Do you possibly have a trusted friend in Seattle who can receive it and then get it to you directly?


----------



## cclin

marc4pt0 said:


> I have the 8" Meiji, very big fan of it. Love the handle. Had the 8" ZK Damascus but ended up returning it several months later. Gots to love SLT's return policy! The Damascus was nice, but paled in comparison to the carbon. Thanks for the offer!

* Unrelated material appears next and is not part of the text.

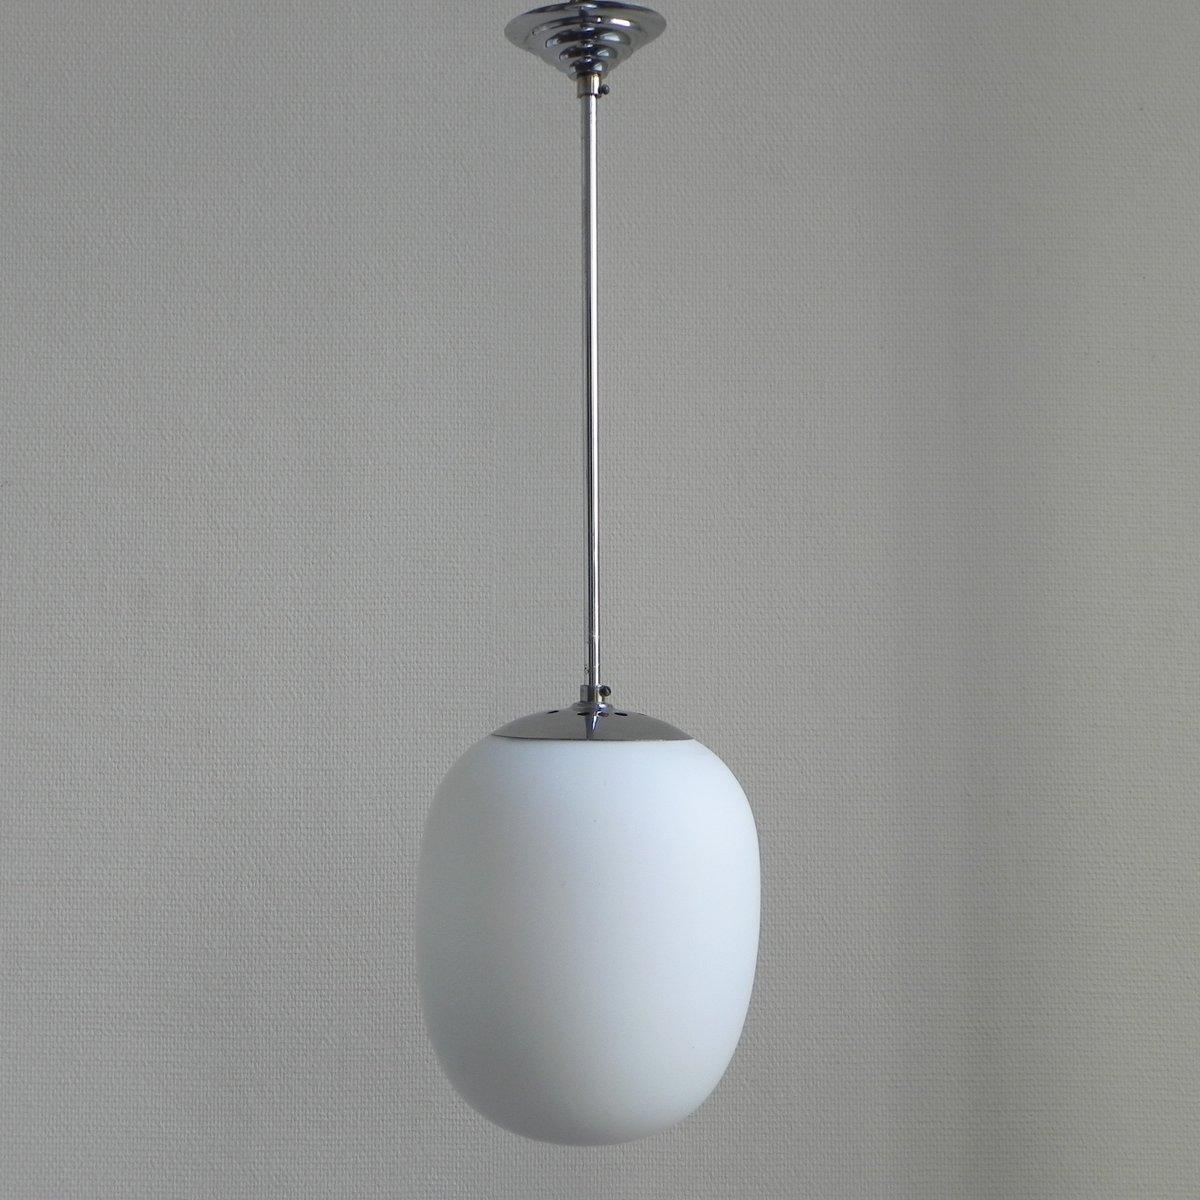 vintage lampe mit glaskugel bei pamono kaufen. Black Bedroom Furniture Sets. Home Design Ideas
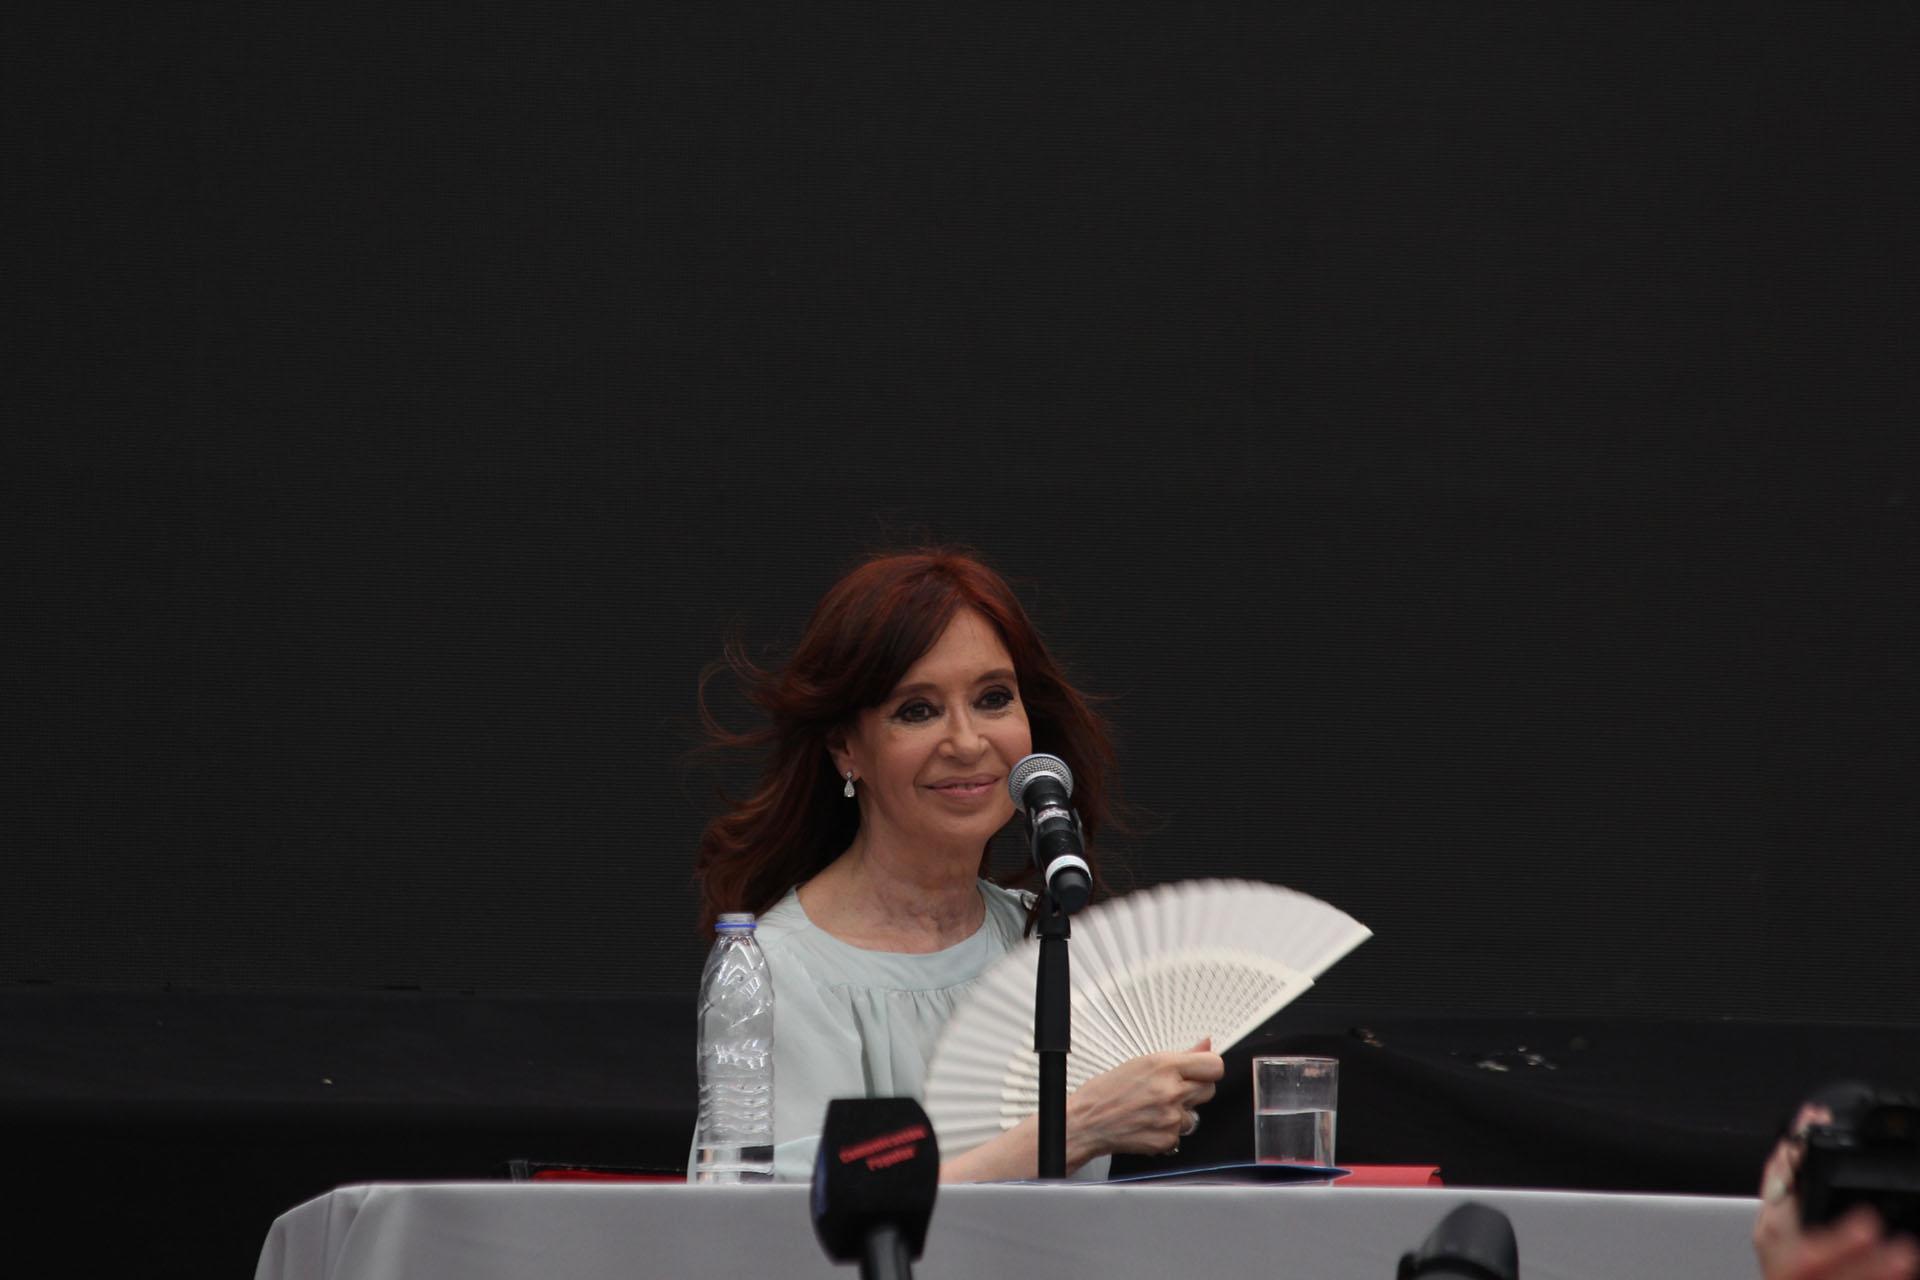 La ex mandataria en el micro estadio de Ferro (foto Matias Baglietto)

marc4pt0, I've Shun 8" Meiji & ZK 52100; but, never try ZK sg2 Damascus! I'm curious why you returned ZK sg2 Damascus but keeping/love your Shun Meiji Damascus?:scratchhead: do you think Shun Meiji Damascus has better f/f & performance than ZK sg2 Damascus??


----------



## marc4pt0

Nah, the ZK Damascus blade itself is a much better body of work than the shun. The Shun handle however takes the win between the two. But comparing the ZK SG2 vs the carbon, the SG2 was noticeably thicker on the spine and slightly thicker behind the edge. It was a fantastic performer, don't get me wrong, but in the end it just didn't make sense for me to keep it.I always reached for the carbon instead. The micarta handle has a MUCH better finish than that of the carbon's, but after I took to sanding and evening out the wood/rivets/spine the carbon handle became more pleasant to use.
I'm kind of a Kramer knock-off enthusiast, having at least one knife from all the runs thus far. Would have loved keeping the ZK SG2,but...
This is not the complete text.